What would follow is a geopolitical realignment across Latin America. Governments, parties, and alliances would be forced to redefine their narratives, positions, and loyalties. The myth that authoritarian regimes “endure forever” would crack, opening space for transitions that are less ideological and more pragmatic.
In Cuba, the effect would be immediate and silent: internal fear. Not fear of invasion, but fear of precedent. Dictatorships do not fear armies—they fear the idea that another people achieved what once seemed impossible. Each foreign collapse weakens the fiction of absolute control that these regimes repeat to themselves. And perhaps most importantly, a contagious hope would spread among oppressed peoples—not a naïve hope, but a concrete one: the certainty that regimes fall, that history is not closed, and that freedom, however late, always finds cracks through which to enter.
As a Cuban, I can say this clearly: many celebrate quietly, inside their homes, with the caution learned through decades of repression. Because there is a real hope that a dictatorship of more than 67 years may also fall. And yes—I am among those who believe they have little time left.
Amid all of this, protests have emerged criticizing any action by United States and defending Maduro as a supposedly “legitimate” president. Who are these people? The usual ones: ideological ignorants, comfortable intellectuals who speak from free countries, with stable electricity, full supermarkets, and a guaranteed right to say nonsense without consequences.
They are the ones who never stood in line for food.

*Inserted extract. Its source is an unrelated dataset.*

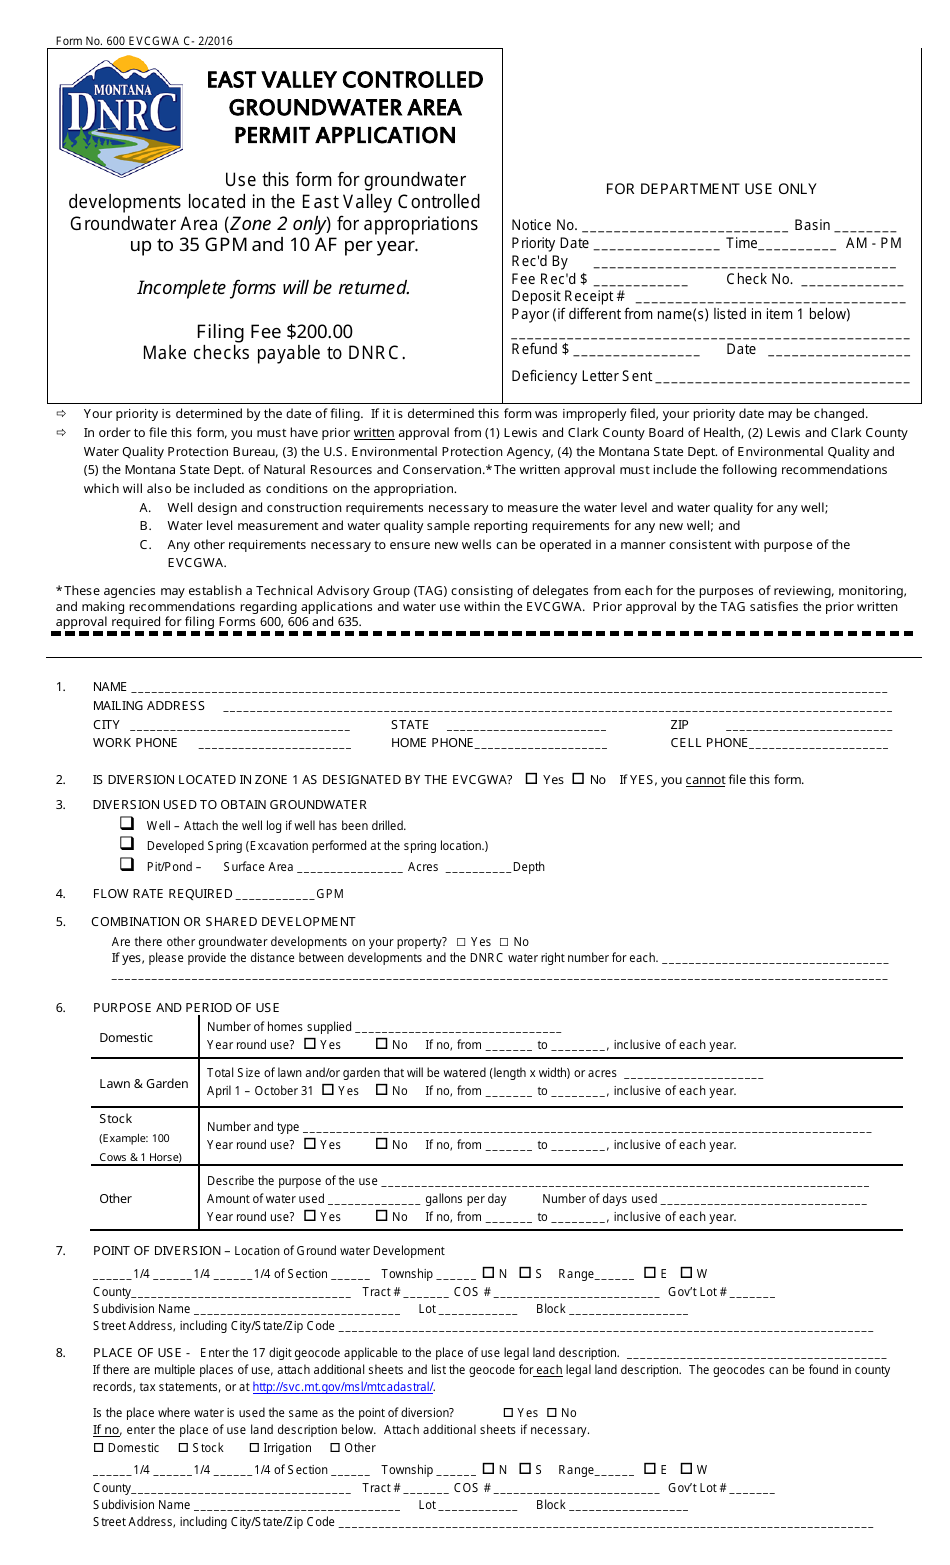 Form 600 EVCGWA East Valley Controlled Groundwater Area Permit Application - Montana, Page 1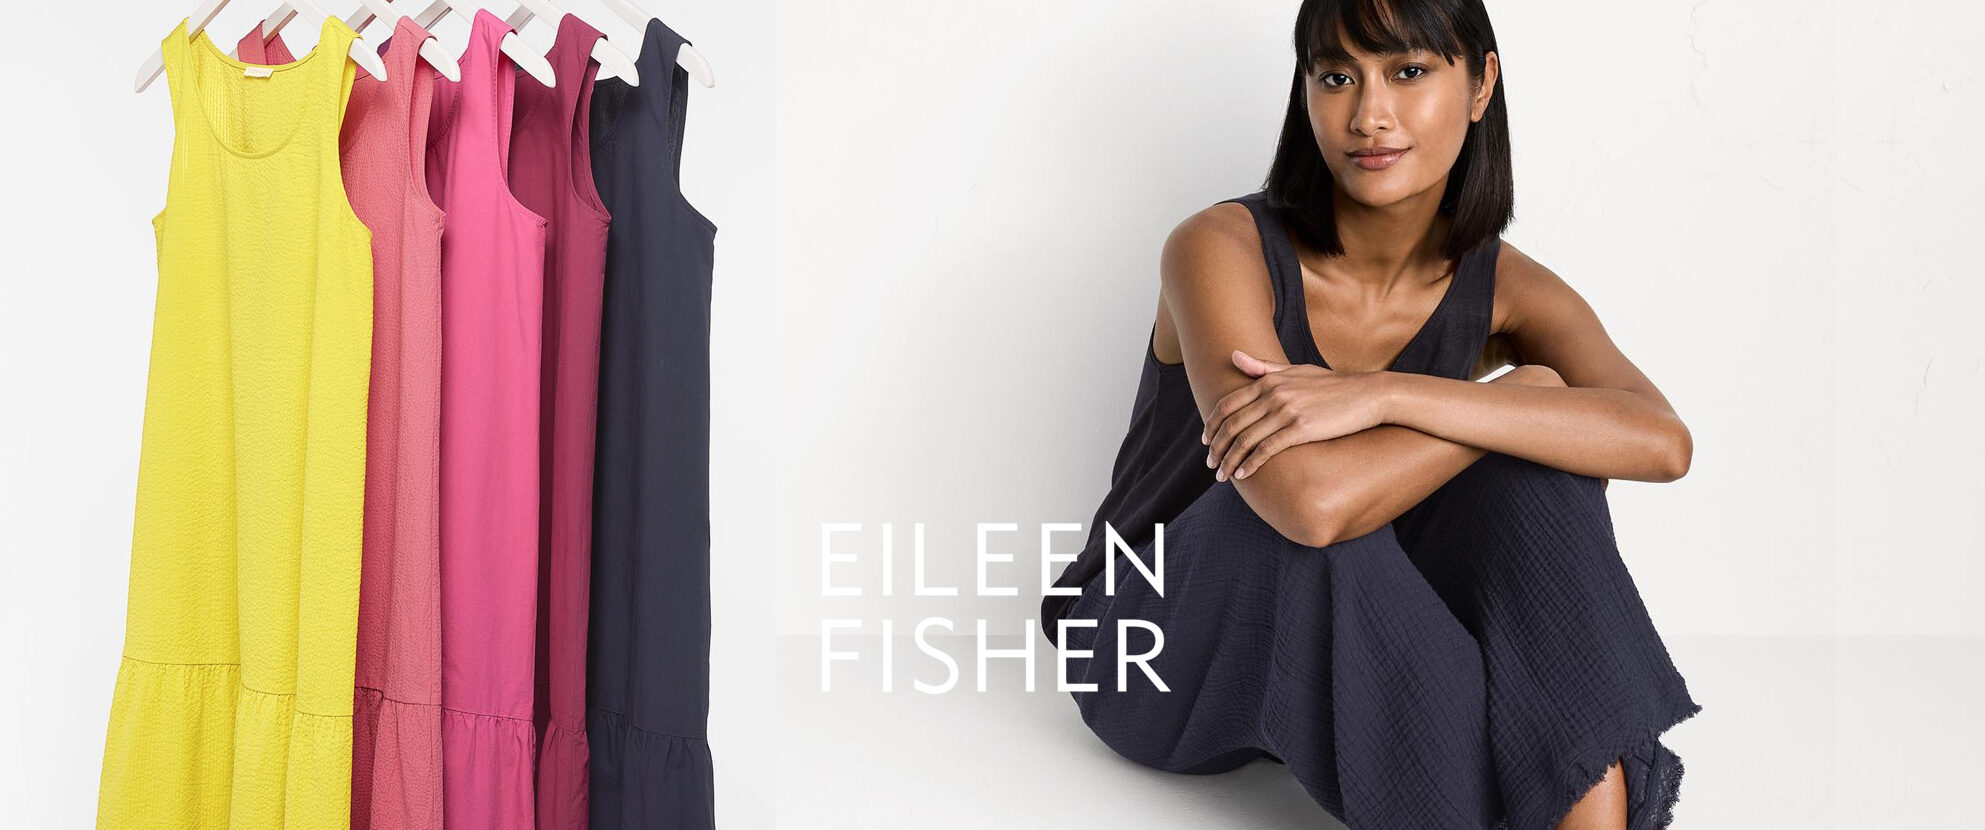 Dean's Clothing Featured Brand - Eileen Fisher dresses and female model.

Who never traded dignity for rice.
Who never saw their mother cry because a child left and never returned.
From universities, literary cafés, and verified social media accounts, they defend dictatorships they would never survive living under. They speak of “imperialism” from democracies. Of “resistance” from armchairs. Of “sovereignty” while earning salaries in dollars or euros. They were never woken at five in the morning by a police summons. They never felt the real fear of speaking freely. They never saw a family member imprisoned for expressing an opinion. They never buried someone who died defending basic rights.
They carry no historical hunger.
They have no dead in their memory.
That is why they relativize repression. That is why they justify the unjustifiable. For them, dictatorship is a concept. For us, it was—and still is—an experience. They read reports. We lived funerals. For them, exile is a literary theme. For us, it was a poorly packed suitcase.
Those who have never lived under a dictatorship have no moral authority to defend one.
Those who have never lost anything cannot explain another people’s sacrifice.
And those who relativize the suffering of entire nations are not progressive—they are ignorant or morally indifferent.
History will not remember these comfortable intellectuals as brave thinkers, but as elegant accomplices to abuse. And when dictators fall—because they always do—they are the first to claim they “were never fully in agreement.”
The free world wants to see Maduro brought to justice not out of pleasure or revenge, but out of accountability: for human rights violations, extreme corruption, and the destruction of the rule of law. Because even absolute power must answer for the suffering it inflicts.
Freedom is not perfect. It is chaotic, uncomfortable, and demands responsibility and courage. But it allows choice, correction, dissent, and renewal. Dictatorship, on the other hand, never will be: it is born of fear, sustained by lies, and survives by crushing those who think differently.
That is why I admire freedom—not as a slogan, but as a principle. Because even wounded, it remains human; even fragile, it remains dignified. And when a dictator trembles, it is not only his power that cracks—people learn to walk, remembering that no regime is eternal and that history, sooner or later, returns to the side of those who refuse to give up being free.